Some weeks ago, the European Commission proposed an update of the PSI Directive**. The PSI Directive regulates the reuse of public sector information (including administrative government data), and has important consequences for the development of Europe’s open data policies. Like every legislative proposal, the PSI Directive proposal is open for public feedback until July 13. In this blog post Open Knowledge International presents what we think are necessary improvements to make the PSI Directive fit for Europe’s Digital Single Market.   

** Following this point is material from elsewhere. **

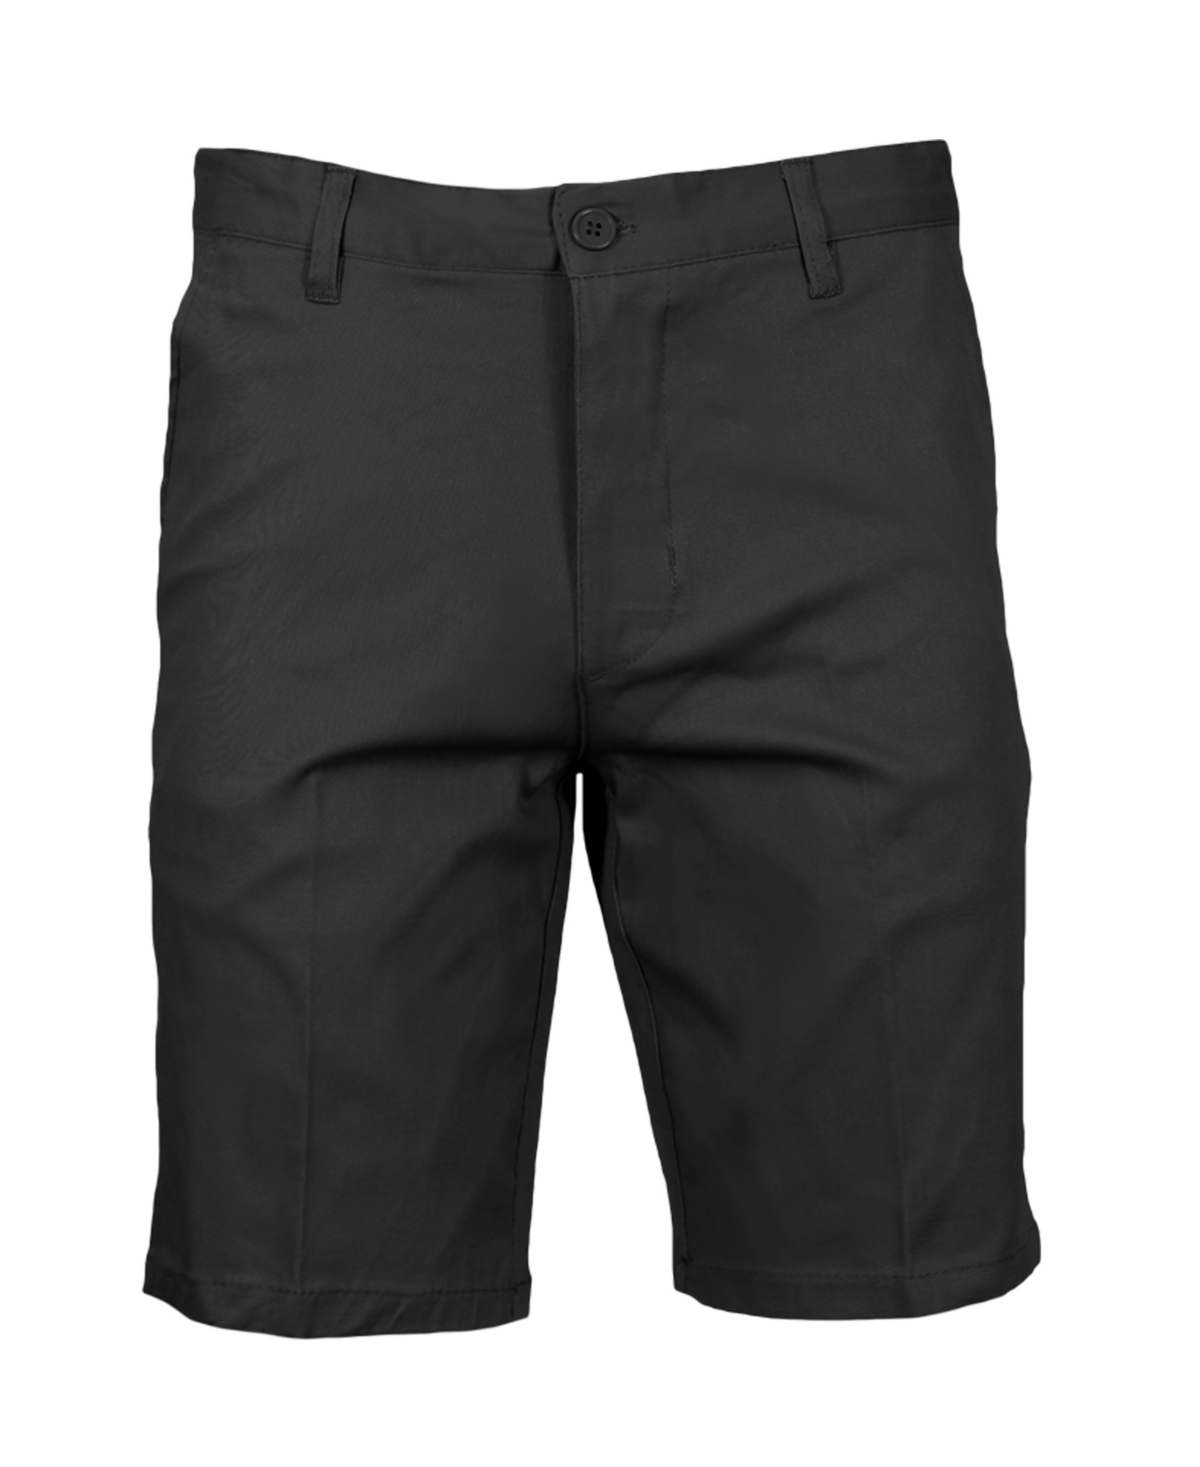 Men's Slim Fitting Cotton Flex Stretch Chino Shorts - Navy

In a guest blogpost Ton Zijlstra outlined the changes to the PSI Directive. Another blog post by Ton Zijlstra and Katleen Janssen helps to understand the historical background and puts the changes into context. Whilst improvements are made, we think the current proposal is a missed opportunity, does not support the creation of a Digital Single Market and can pose risks for open data. In what follows, we recommend changes to the European Parliament and the European Council. We also discuss actions civil society may take to engage with the directive in the future, and explain the reasoning behind our recommendations.

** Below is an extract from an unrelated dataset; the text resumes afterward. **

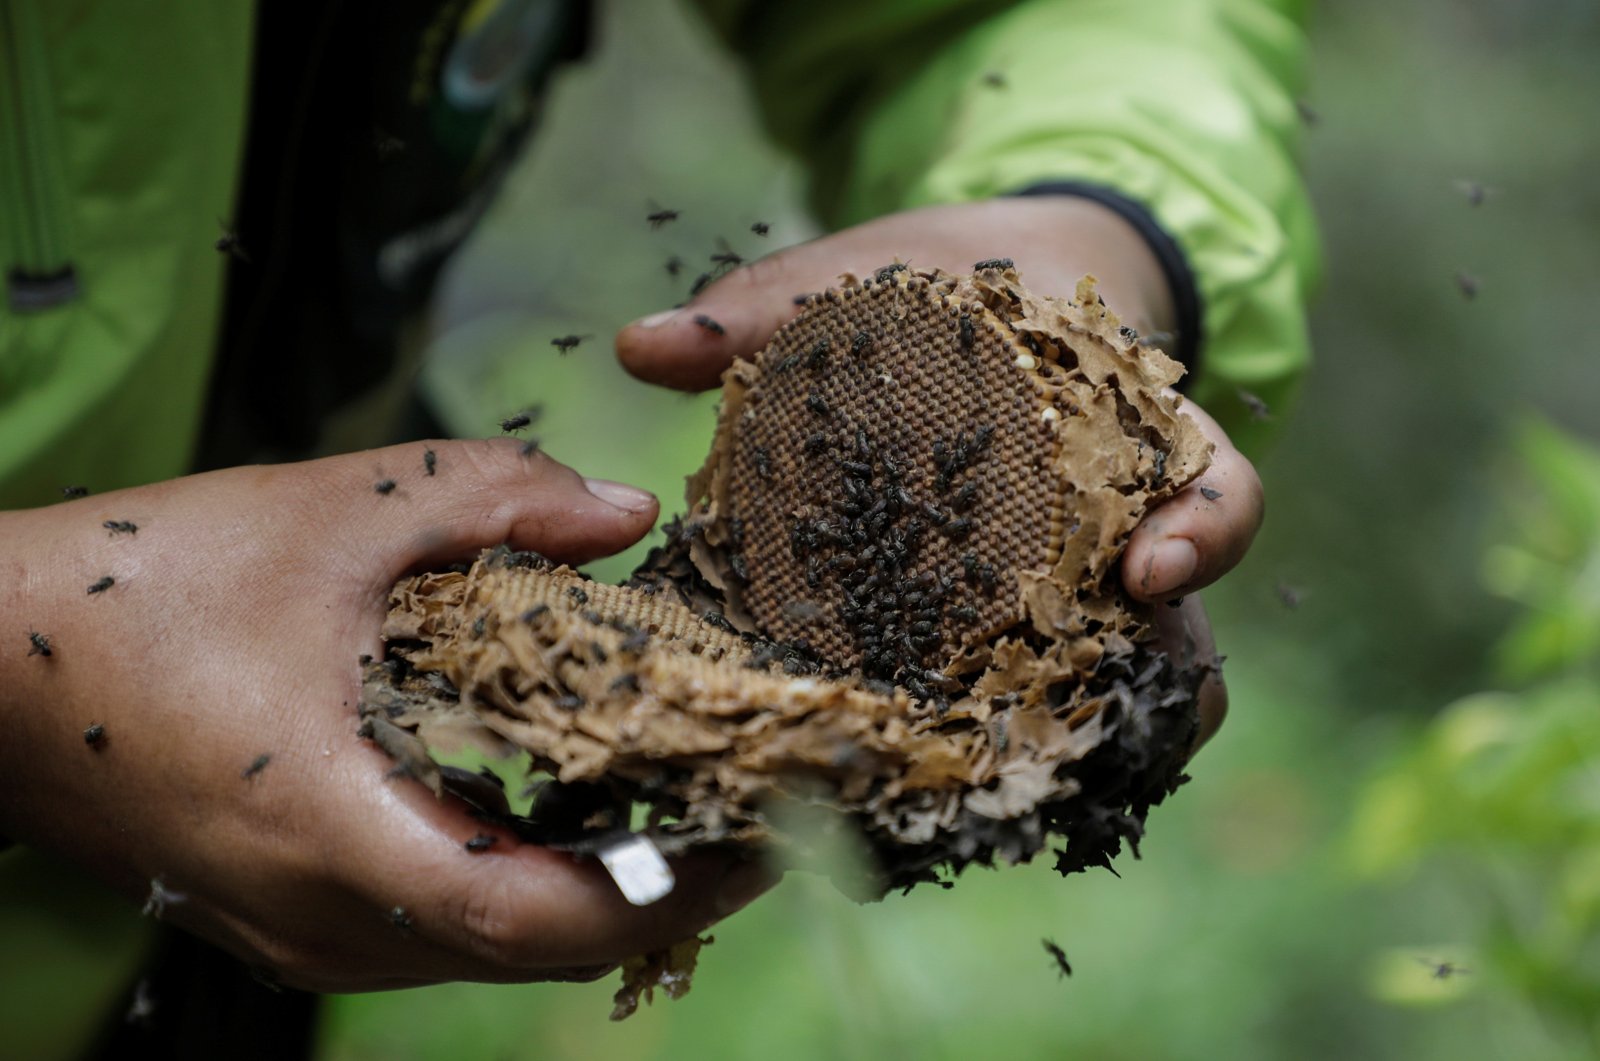 У Болівії подружжя створило заповідник для медоносних бджіл, які гинуть через рубку лісів, де вони живуть

Recommendations to improve the PSI Directive

Based on our assessment, we urge the European Parliament and the Council to amend the proposed PSI Directive to ensure the following:

  • When defining high-value datasets, the PSI Directive should not rule out data generated under market conditions. A stronger requirement must be added to Article 13 to make assessments of economic costs transparent, and weigh them against broader societal benefits.
  • The public must have access to the methods, meeting notes, and consultations to define high value data. Article 13 must ensure that the public will be able to participate in this definition process to gather multiple viewpoints and limit the risks of biased value assessments.
  • Beyond tracking proposals for high-value datasets in the EU’s Interinstitutional Register of Delegated Acts, the public should be able to suggest new delegated acts for high-value datasets.  
  • The PSI Directive must make clear what “standard open licences” are, by referencing the Open Definition, and explicitly recommending the adoption of Open Definition compliant licences (from Creative Commons and Open Data Commons) when developing new open data policies. The directive should give preference to public domain dedication and attribution licences in accordance with the LAPSI 2.0 licensing guidelines.
  • Government of EU member states that already have policies on specific licences in use should be required to add legal compatibility tests with other open licences to these policies. We suggest to follow the recommendations outlined in the LAPSI 2.0 resources to run such compatibility tests.
  • High-value datasets must be reusable with the least restrictions possible, subject at most to requirements that preserve provenance and openness. Currently the European Commission risks to create use silos if governments will be allowed to add “any restrictions on re-use” to the use terms of high-value datasets.  
  • Publicly funded undertakings should only be able to charge marginal costs.
  • Public undertakings, publicly funded research facilities and non-executive government branches should be required to publish data referenced in the PSI Directive.
Conformant licences according to the Open Definition,

Our recommendations do not pose unworkable requirements or disproportionately high administrative burden, but are essential to realise the goals of the PSI directive with regards to:

  1. Increasing the amount of public sector data available to the public for re-use,
  2. Harmonising the conditions for non-discrimination, and re-use in the European market,
  3. Ensuring fair competition and easy access to markets based on public sector information,
  4. Enhancing cross-border innovation, and an internal market where Union-wide services can be created to support the European data economy.

Our recommendations, explained: What would the proposed PSI Directive mean for the future of open data?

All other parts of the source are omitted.